不穏な習い事

この店、最大のピンチですっ

 

「うちの店っ、最大のピンチですっ」


 気持ちのいい日曜の午後。

 珈琲の香り漂うカウンターから身を乗り出し言う琳に将生は言った。


「この間、最大のピンチが訪れたんじゃなかったのか?」


 自販機によって、と将生は言う。


「いや~、自販機、猫町4番地とは共存できたんですけどね~」


 できて当たり前だろう、と将生は思ったが。


 琳は、

「あっちは座るところがないので、ゆっくりしたいお客様はこちらに来られます」

と言う。


 ……自販機の側にベンチ置かれたらどうするんだろうな。


「そうじゃなくて、うちの看板メニューの『喜三郎きさぶろうさんの珈琲』が滅多に出せなくなりそうなんですよ~」


 ついに『喜三郎さんの珈琲』って、メニューに載せたのか?

とメニューを見てみたが、載ってはいなかった。


 常連しか知らない裏メニューということだろうか。


 いや、そもそもこの店、ほぼ常連しか来ないのだが。


 今も店内の片隅では、珈琲そっちのけで、いつものおばちゃんたちが自治会の作業をしている。
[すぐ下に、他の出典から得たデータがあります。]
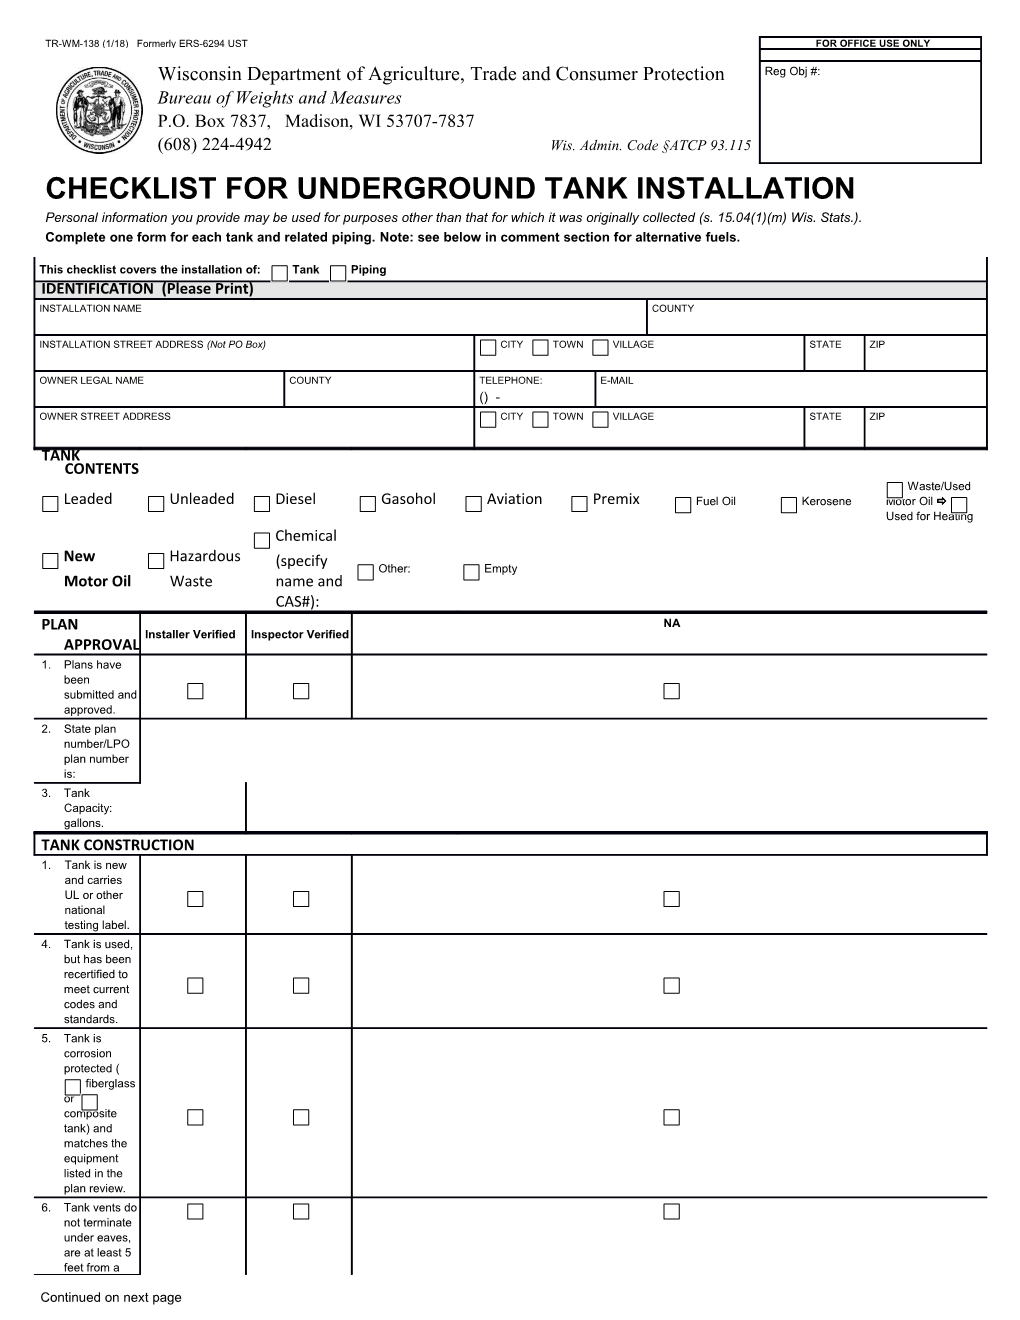 Checklist for Underground Tank Installation

 将生の隣に座っていた、ほんわり顔なのに、全身凶器の造園業者、水宗が、

「でも、僕は琳さんの珈琲も好きですよ」

と微笑む。


「いつもここ、すごく喉乾いてるとき立ち寄るので、とても美味しいです」


 ……それは水でも美味しいのでは?

と将生は思ったが、言わなかった。


「ところで、喜三郎さんは何故、珈琲を淹れに来なくなったんだ?

 具合でも悪いとか?」


 ちょっと心配して、そう訊いてみたが、琳は小首をかしげながら言う。


「いえ、それが。

 喜三郎さん、最近、コミュニティセンターの習い事にハマってて。


 あっちにずっと行かれてるみたいなんですよねー」


「いいことじゃないか」


「そうなんですよ。

 楽しそうなので、いいんですけど。


 でも、味にうるさいお客様がいらしたときに、ちょっと困るかなって」


「待て。

 俺たちは一部の客には出せないような代物しろものを飲まされているのか」


「大丈夫ですよ。

 美味しいですよ、琳さん」


 珈琲を一口飲んで、水宗は言う。


「僕、花粉症なんで、鼻詰まってて、今、あんまり味も匂いもわからないんですけどね」


 美味しいです、と水宗は微笑んだ。


 水宗は、さっきから、まったくフォローにならないフォローしかして来ない。


 この人がいちばんの刺客なんじゃ……と将生は思ったが、琳は特に気にしていないようで、

「ありがとうございます、水宗さん~」

と笑って礼を言っていた。


 しかし、店がピンチか。


 ……ピンチの方がちょっといいな。


 客は俺だけの方がいい、と将生は店にとっては、かなり危険な思想を抱いていた。